La hondura de una crisis que, lejos de atenderse, fue agravada deliberadamente, lleva a considerar otras perspectivas. Quizás la acción más eficaz para impactar el caos migratorio es contribuir a resolver las serias carencias de la gente en sus países de origen; no agudizarlas, no desviarlas. Visto así, el bienestar local es el bienestar de toda la región. Lo que procede entonces es optimizar las ayudas, adecuarlas a las realidades, refinar los criterios de análisis, ampliar la interlocución. Y comenzar por hacerse las preguntas apropiadas.

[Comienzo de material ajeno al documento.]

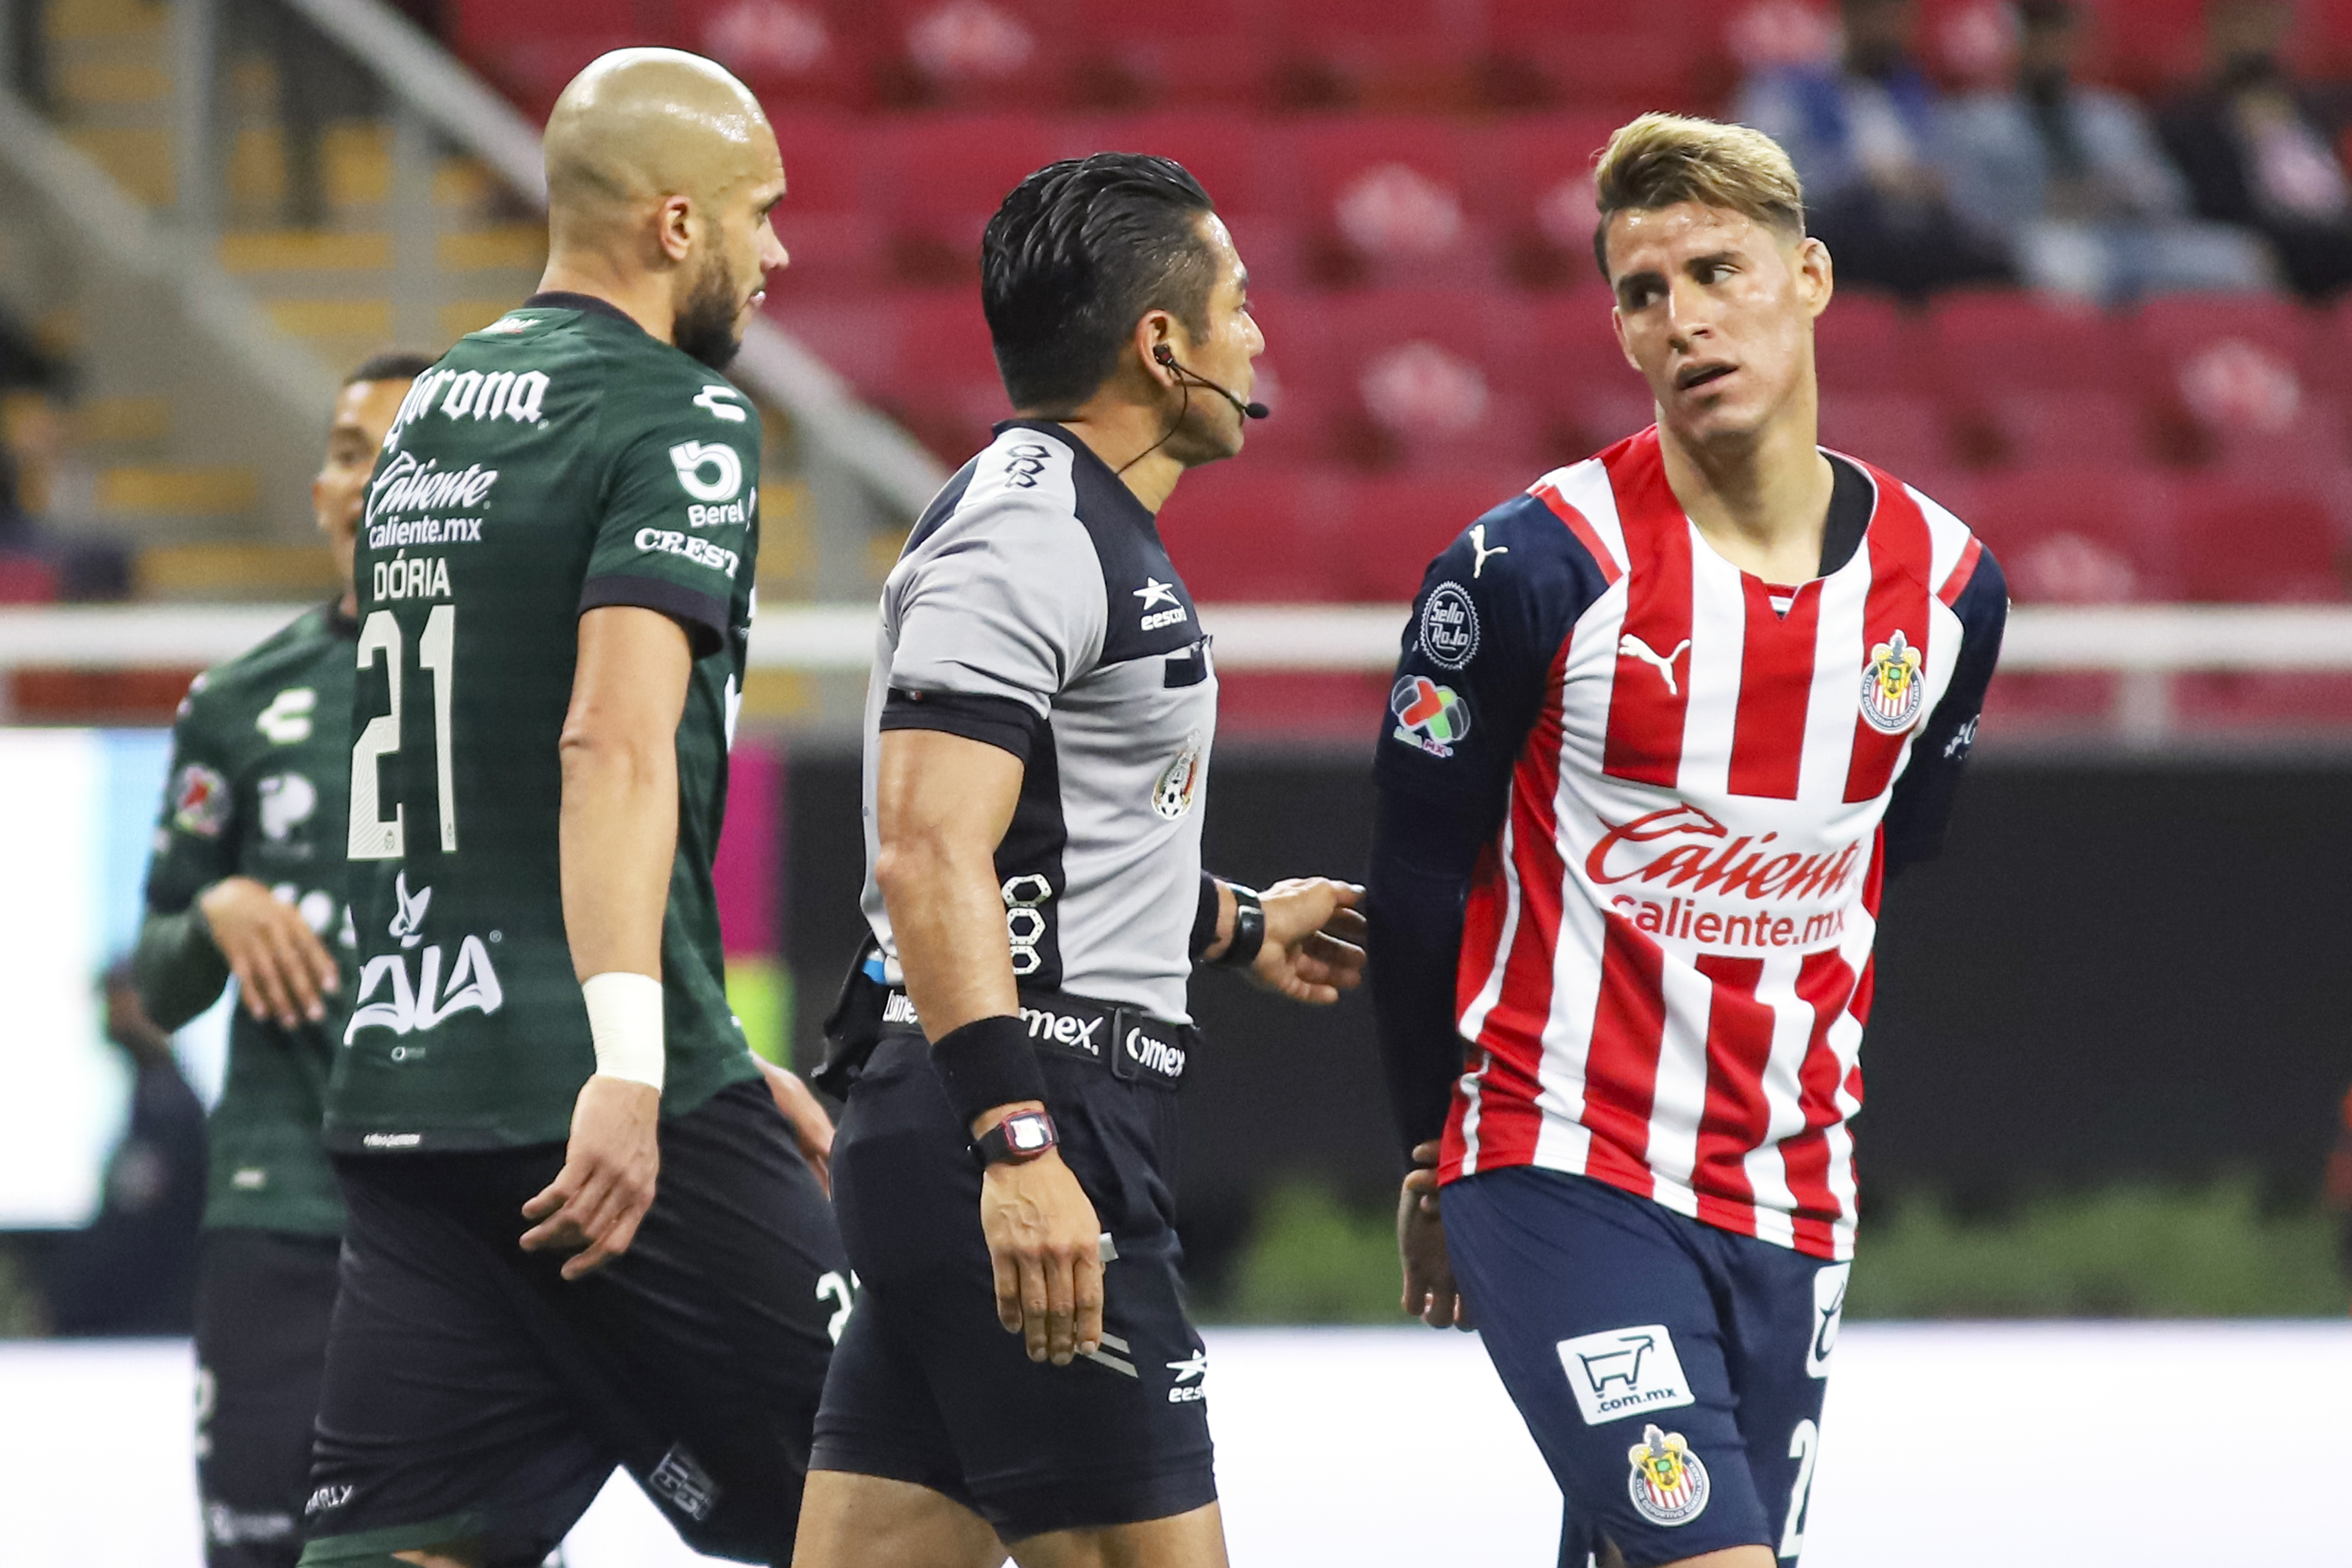 Cristian Calderon of Chivas appeals to central referee Victor Alfonso Caceres during the 9th round match between Chivas and Santos Laguna at Akron Stadium on March 5, 2022 in Zapopan, Mexico.

“¿Qué se puede aprender de décadas de relaciones entre Estados Unidos y América Latina sobre las circunstancias en las que se puede ejercer la influencia norteamericana y sus políticas, a fin de mejorar las perspectivas de fortalecimiento de la gobernabilidad democrática?”, planteaba Abraham Lowenthal en 2011. Cuando en 1974 advertía que la combinación de altas tasas de natalidad, bajo crecimiento económico, grandes desigualdades y proximidad a EE.UU. causarían “un flujo de migración a largo plazo e irreversible hacia este país”, su conclusión era que el propio interés nacional norteamericano impelía a invertir sostenida y sustancialmente en el desarrollo socioeconómico y político de naciones del continente. Esto, a fin de fomentar “una vecindad más estable, pacífica y empática”.
El espíritu de lo que J.F. Kennedy bautizó como la Alianza para el Progreso (1961-1970) sirve para reorientar los abordajes de políticas con buenas intenciones, pero infelices resultados. El programa de ayuda económica, política y social para Latinoamérica, la cooperación en aspectos técnicos y financieros por parte de EE.UU. a través de sus instituciones y organismos multilaterales como el BID y la OEA, pretendía «mejorar la vida de todos los habitantes del continente”. En su discurso, Kennedy evoca explícitamente a Bolívar, y augura una década de «progreso democrático». El apoyo a medidas reformistas para impulsar democracias locales (según principios de autodeterminación de los pueblos) y contrarrestar la tentación revolucionaria que mostraba sus dientes desde Cuba, parecía un enfoque más sensato y menos costoso que el del intervencionismo militar. Pero la muerte de Kennedy en 1963 trunca ese envión. La vuelta a tratos puntuales en los que la cooperación militar era lo prioritario, conspiró contra los nexos de “Buena vecindad” promovidos por Roosevelt, y a los que JFK pretendió dar continuidad.
Sin negar la necesidad de buscar lenitivos inmediatos para quienes salen a buscar en otros lares lo que ahora mismo se les niega en los suyos, toca reconocer la importancia de administrar una medicina integral y de largo plazo. Una visión desencantada de la realidad ayudará a digerir que tras la certeza de que “los países no tienen amigos, sino intereses”, está la posibilidad de construir plazas para el común beneficio. Allí, la democratización aún pendiente en Venezuela quizás consiga más de una rendija.